# FYI Cervelo Soloist Seatpost weights



## Cheers! (Aug 20, 2006)

Just got a single position soloist carbon seat post (won it on ebay). The weights are as follows:

Cervelo Carbon Small Single position seat post mass = 171.5 g
Cervelo Aluminum Med Dual position seat post mass = 358.7 g

both seat posts measured with all fasteners and clamps required for use. Further no matter what you need to have 65mm of the seatpost in the seat tube. 

My weight weenie self is so happy... I just saved 187.2 grams... That's ridiculous!


----------



## thedips (Mar 26, 2007)

Cheers! said:


> Just got a single position soloist carbon seat post (won it on ebay). The weights are as follows:
> 
> Cervelo Carbon Small Single position seat post mass = 171.5 g
> Cervelo Aluminum Med Dual position seat post mass = 358.7 g
> ...



any one know of a good place online to get this seatpost.. i think cervelo.com is sold out... if not i have to keep hunting ebay! eeekkkk!


----------



## levels1069 (Jun 9, 2006)

you suckkkkkkkkk...any ideas how much the two-position carbon one weighs?

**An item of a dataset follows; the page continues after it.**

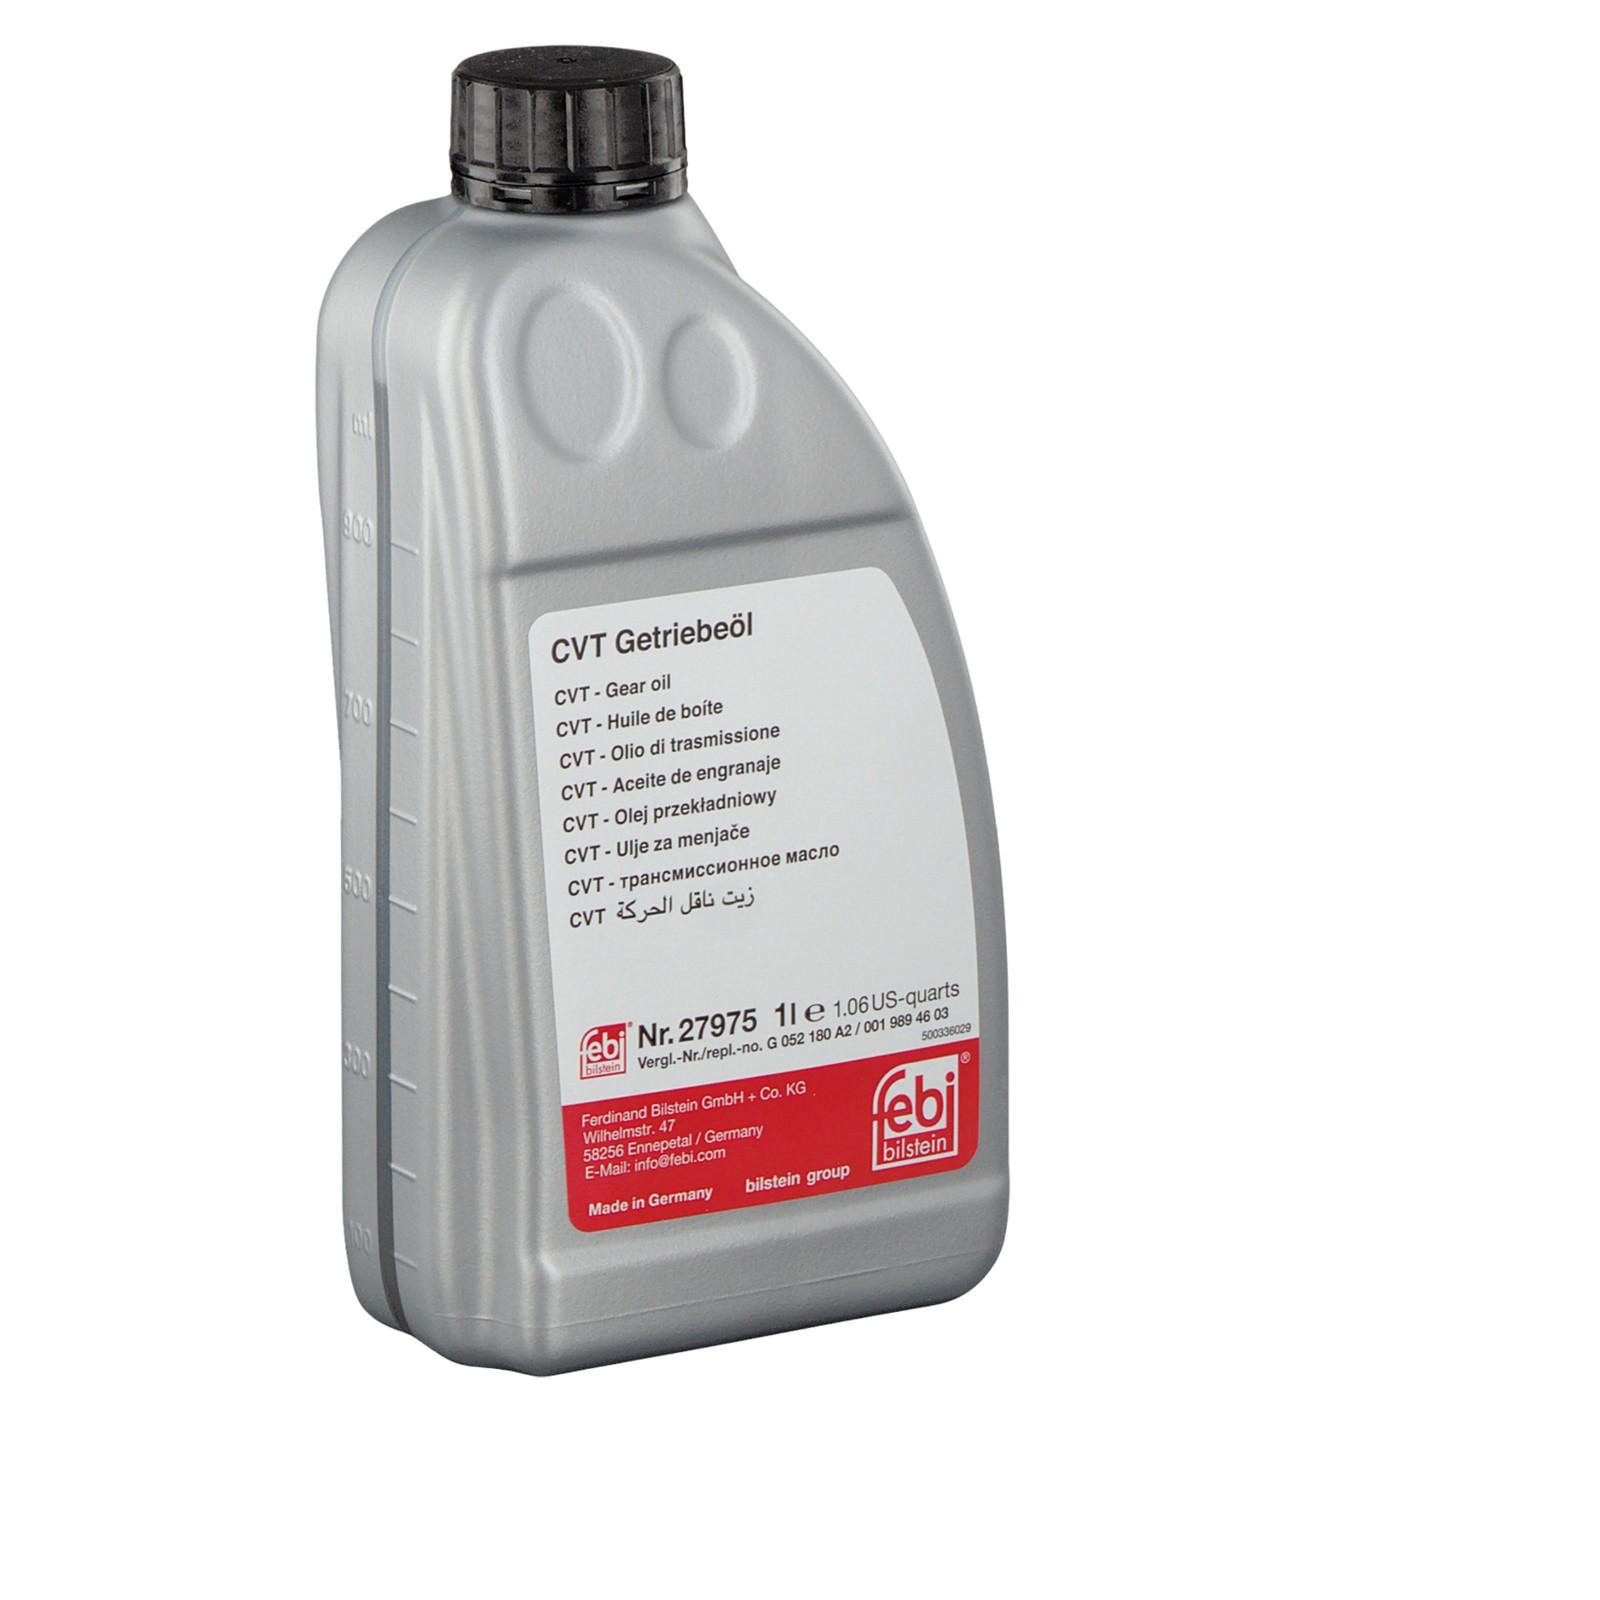 FEBI Hydraulikfilter + 7L Getriebeöl 0AW CVT-Multitronic AUDI A4 B8 A5 8T 8F A6 C7 A7 4G

my aluminum one developed a crack and cervelo replaced it with a carbon one, so it was free but even still. I've been searching for a one position seatpost forever, and begging all my dealer friends to hook me up with no luck

love my bike, HATE the swivel post


----------



## Cheers! (Aug 20, 2006)

hrm... I read on a forum (not sure which one, I frequent the weightweenies.starbike.com, cervelo forums alot). 

Someone posted about a week ago that a place called RA cycles (http://www.racycles.com/) a big high end bike shop in New York (Brooklyn) can get you one for 150 USD. I've been to that store before when I was in New York for Buisness. I only bought a helmet there so I can't vouch on how good they are etc etc...

I paid 128 USD on Ebay. It took like 18 bids with less than 10 mins to win the darn thing. Cervelo does not sell it on their website. Gerald at Cervelo also said they don't sell the Wolf SL fork, but I've seen the Wolf SL fork listed on competitive cyclist and at a tri site. So maybe Competitive cyclist (they advertise here on roadbikereview) can get you one. 

Good Luck. Remember 65 mm min insertion!


----------